A decade ago, products such as pcAnywhere provided a way for home and business users to access their PCs interactively over a network or the Internet. Today, pcAnywhere is still around, but with the rise of broadband Internet access and home firewall solutions, more and more remote PC applications and services are available. If you've ever needed to access your PC's data while on the road—whether on a vacation, a business trip, or even an afternoon away from the office—then such a solution is highly desirable. Although a plethora of remote PC access solutions are available, I'll highlight two excellent choices here: LogMeIn Pro, a Web-based service, and VNC, a traditional (and free) application-based solution.

LogMeIn Pro is my favorite remote access service. (The company also offers a free version called LogMeIn.) From its simple Web-based interface—which now works with Mozilla Firefox in addition to Microsoft Internet Explorer (IE)—you can access a PC remotely from any Internet connection in the world.

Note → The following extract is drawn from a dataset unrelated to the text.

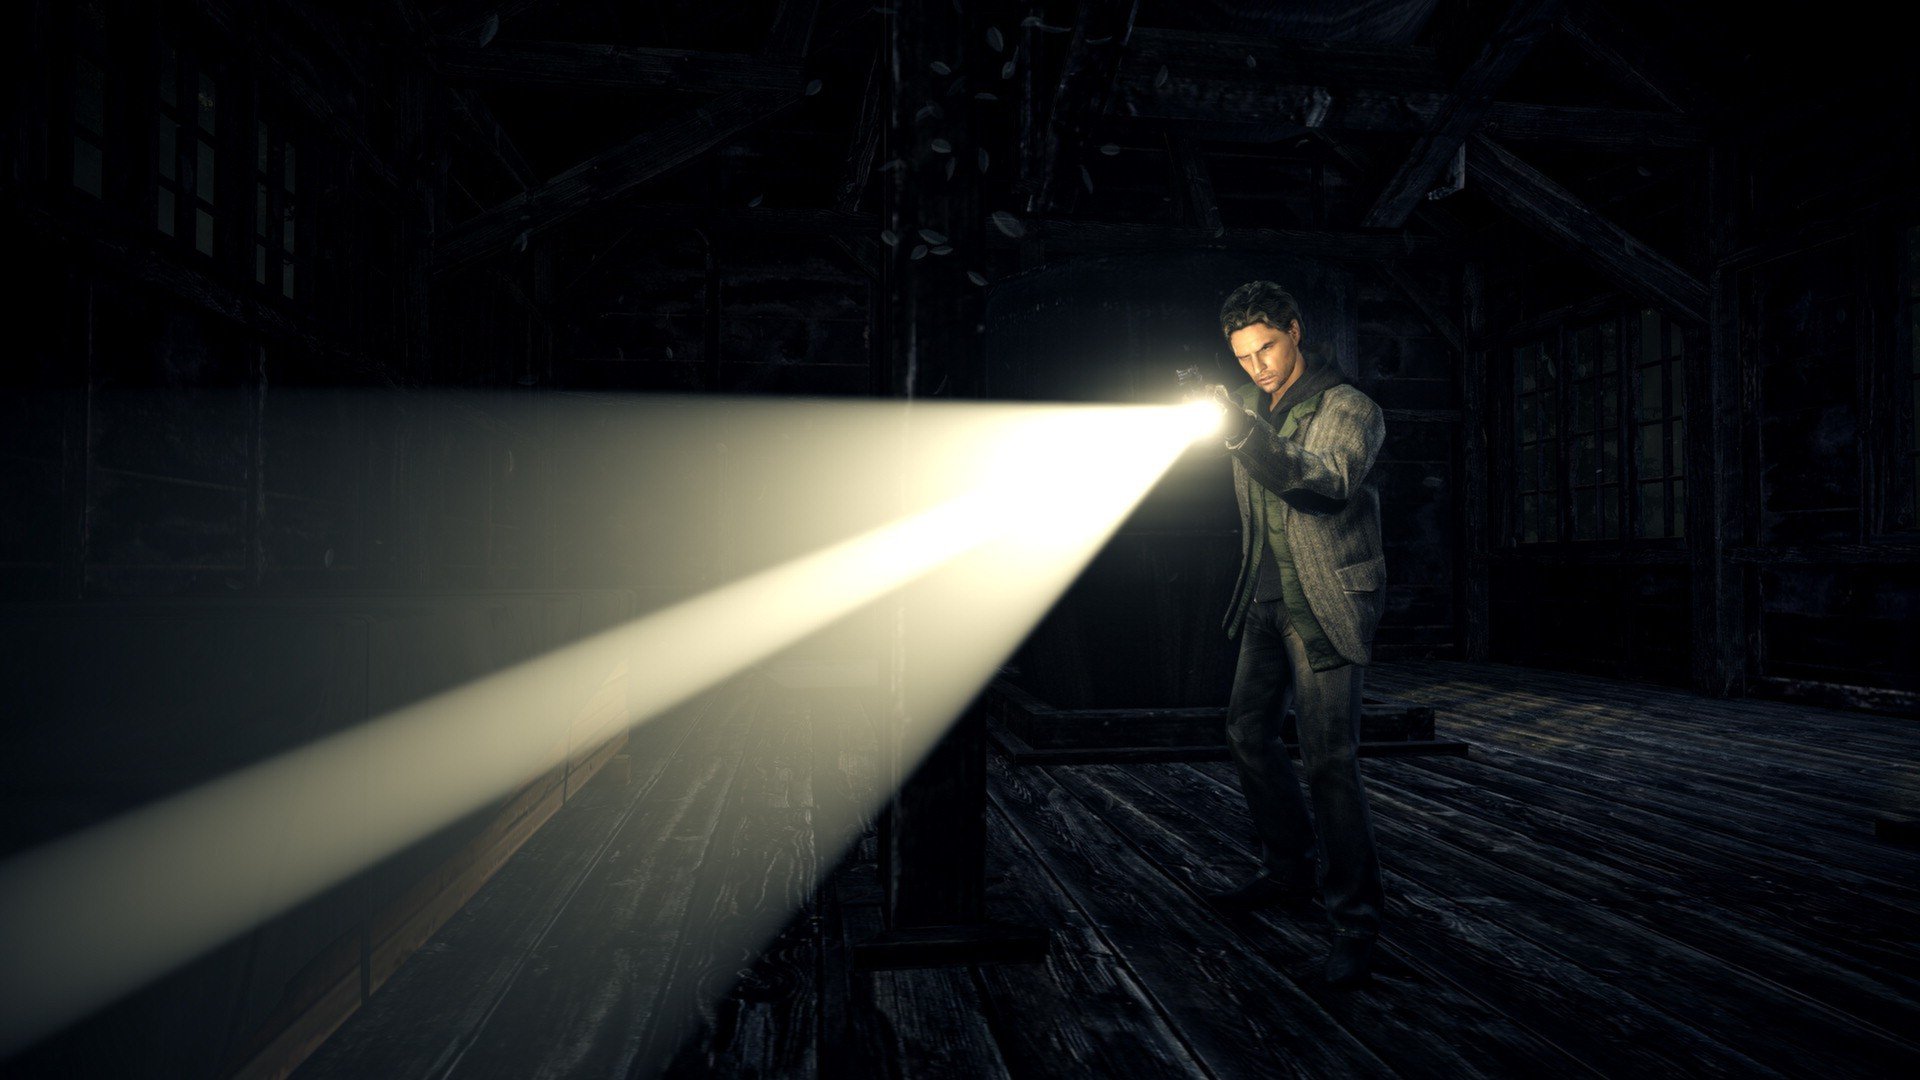 Stephen King gifted Alan Wake's opening quote to Remedy for just $1

LogMeIn Pro provides several connection types. You can access a traditional Remote Desktop Connection-style interface, in which you access your PC through a window in your browser as if you're sitting right in front of it (albeit a bit more slowly). You can also perform file transfers to and from the PC to your local machine, letting you back up files from the road or access files that are at home. I use this functionality on virtually every trip I make. But you can also perform other useful tasks, such as remote printing, desktop sharing, and file synchronization. LogMeIn Pro uses 256-bit Secure Sockets Layer (SSL) encryption for security, and it's proven to be indispensable. It costs $12.95 per month or $69.95 per year for one PC, and you get lower rates for adding more PCs.

RealVNC's Virtual Network Computing (VNC) resembles the pcAnywhere of old but is available in three versions: Free, Personal ($30 per PC), and Enterprise Edition ($50). The free version lets you access a remote computer (the "server") from a local PC ("the viewer"), like the LogMeIn Pro remote-desktop interface. But the nice thing about VNC is that the two computers can be different types. For example, you might access a Windows desktop from your Linux-based notebook, or hit a UNIX server from a Mac. VNC doesn't offer some of the niceties that LogMeIn Pro does, but it's easy enough to use and check out. It seems to work best with server PCs that don't change IP addresses, which might make it unacceptable for use by certain broadband users.